Was it possible that Jiao, after the fashion of recent years, had “re-discovered” Mao? Chinese people had always been interested in emperors – for thousands of years. There was a “royal revival” going on in movies and on TV, and the Qing emperors and empresses abounded in current bestsellers.
But how could Jiao, of all people, have entertained any fond fantasies of Mao – since Mao was responsible for the tragedies of her family?
And the Mao mystery aside, how could a young girl like Jiao afford to live like this without a job?
It was possible that Jiao was a kept woman, or “little concubine”- ernai, a new term that was gaining currency quickly in the contemporary Chinese vocabulary.
But Internal Security hadn’t found a “keeper” in the background, though somebody had been seen in her company, at least once, in the apartment here. For a young woman like Jiao, there was nothing surprising about an occasional visitor or two.
Peiqin pulled out of her thoughts. She hardly knew anything about Jiao, a girl from a different generation and of a different family background. There was no point in speculating too much.
Nor did she have any idea what Chen was really after. As a cop’s wife, she had no objection to snooping around for her husband’s sake, or that of his boss, but she would have liked more clues about what she was looking for.
Again, she glanced at her watch. Jiao wouldn’t come back this early. Peiqin decided to start her “search proper.”
She proceeded cautiously, pulling out the drawers, looking under the bed, examining the closet, rummaging through the boxes… From a mystery she had read, she learned that people could purposely hide things in the most obvious places, to which she also paid close attention. After spending nearly an hour going through every nook and cranny, she found little except things that further reinforced her earlier impression of Jiao’s being obsessed with Mao.
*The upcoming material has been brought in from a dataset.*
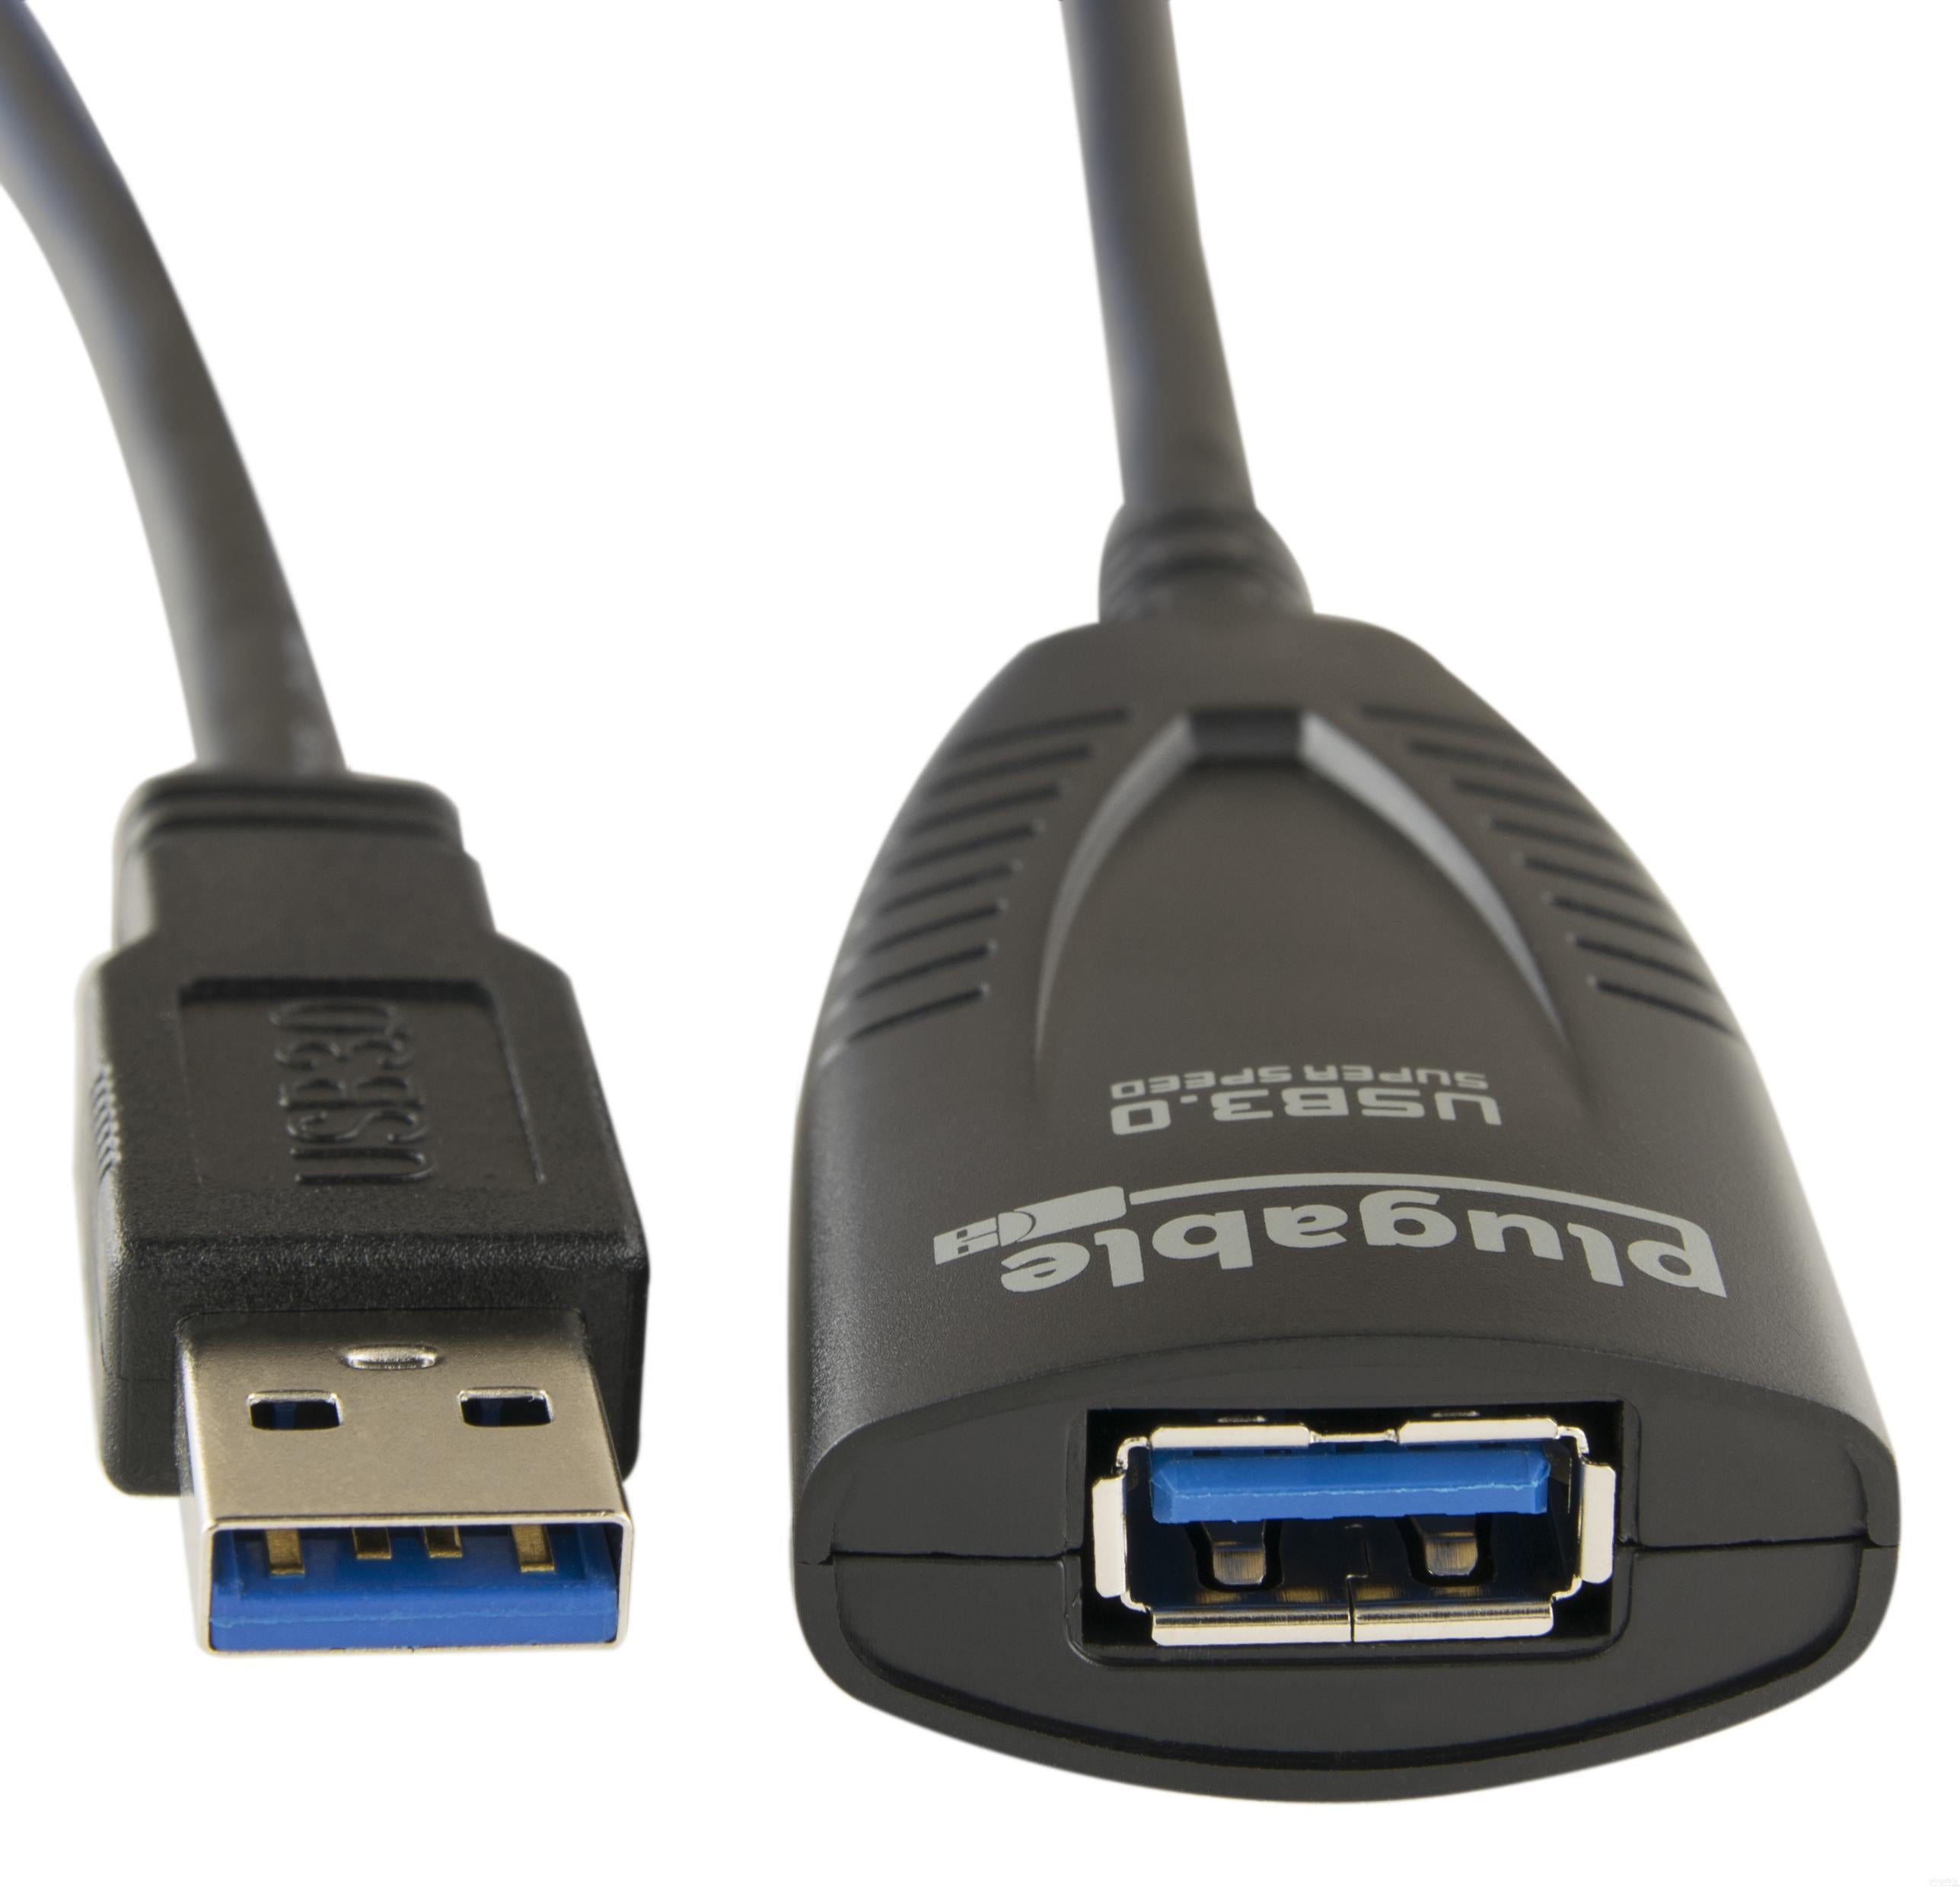 faktor Frø galning Plugable USB 3.0 5M (16ft) Extension Cable with Power Adapter and Back –  Plugable Technologies

In a drawer, Peiqin found several tapes of documentaries showing Mao receiving foreign visitors in the Forbidden City. Some of them she might have seen in Yunnan in the early seventies; it was during a time when hardly any movies were shown except the eight modern revolutionary model plays and documentaries of Mao. Peiqin and Yu would joke that Mao was the biggest movie star.
How could Jiao have gotten hold of these? Peiqin was tempted to put a tape into the player, but she decided against it. Jiao might notice it had been played.